Online Education Scams: From Tuition Fees to Non-Existent Institutions
Scammers are everywhere in the outside world – whether they're two-bit grifters or giant corporate machines. And yet despite knowing that there's a con artist around every corner, the idea that certain institutions might dupe you can feel especially unfair.
Higher education, for instance, can be a minefield of bluffs, double-crosses and corruption that make these reputable institutions seem like complete shysters.
With rising tuition fees and living costs at a premium, the increasing prevalence of education scams might make people want to sidestep universities altogether. However, there is still a broad range of trustworthy universities available, from Anglia Ruskin Distance Learning's exceptional curriculum to well-known Russell Group institutions.
Many scams have either been enacted on universities or inflicted on students. Here are a few of the most notorious ones.

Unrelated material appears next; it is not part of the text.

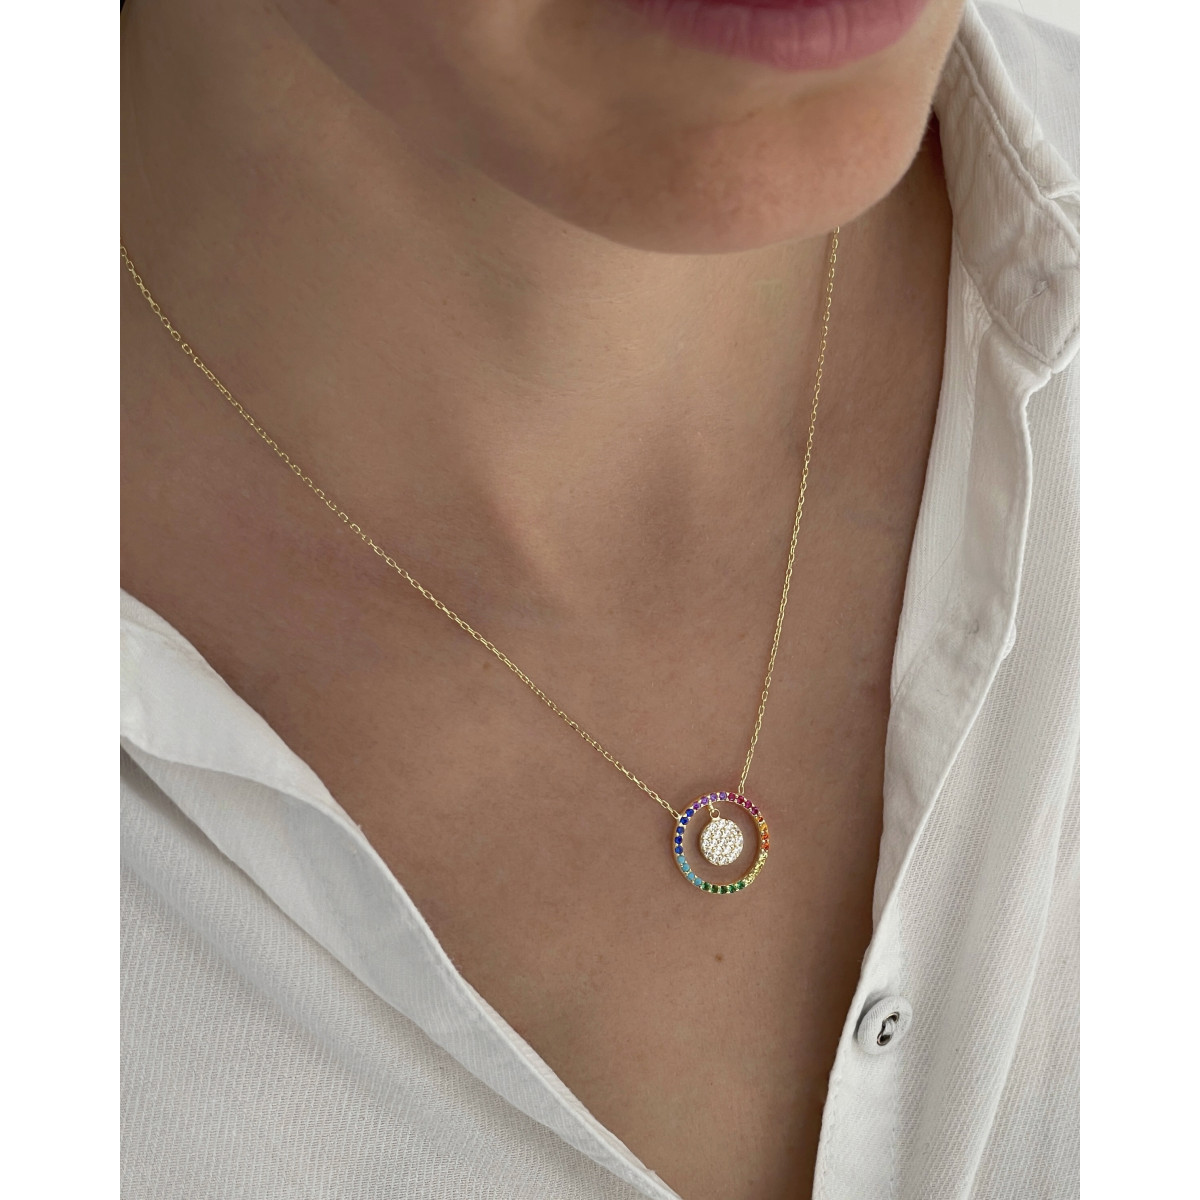 MULTICOLOR HOOP WITH MINI WHITE PAVE SPHERE INSIDE PENDANT NECKLACE

Trump University was a for-profit organization run by the now-45th US President, Donald Trump, and his company, the Trump Organisation. It ran from 2005 until 2010 and claimed to provide real estate training programs for anyone who could stump up the cash.
By the time it had closed, it had accrued several class-action lawsuits against it. Students paid more than $20,000 to enroll, despite Trump University not even being a real educational institution. The promise was that students would learn entrepreneurial secrets from Donald Trump himself.
One of the many accusations against Trump during the lawsuits against him was that he encouraged students to enroll in increasingly expensive seminars to receive more 'information'. This was a scam that lost its many victims a lot of money.
2019 College Admissions Bribery Scandal
The 2019 college admissions bribery scandal was a plot by some wealthy people who attempted to influence undergraduate admissions at several top American universities. At least 51 people were implicated in the scandal, many of whom have pleaded guilty to the accusations.
Most notable in this scam is the number of A-list celebrities who were involved. One star was actor Felicity Huffman, who admitted to paying $15,000 to have her daughter's exams secretly corrected in 2017. She was sentenced to 14 days in prison, as well as 250 hours of community service and a $30,000 fine. The scandal has also pushed the issue of wealth privilege into the public arena, with pupils who played by the rules of admission denied access to universities in favour of those who had paid bribes.
Phishing scams are ten-a-penny online, but universities have been hit especially hard by them. Numerous fraudsters have been posing as university networks to lure students and staff members into handing over their private information. This trick has been working.
Many of these problems affect new students who are unused to the university's email system, and their lack of familiarity costs them money.
Thankfully, educational scams are the exception rather than the rule, but hopefully, this article has raised your awareness so that you spend your time and cash wisely.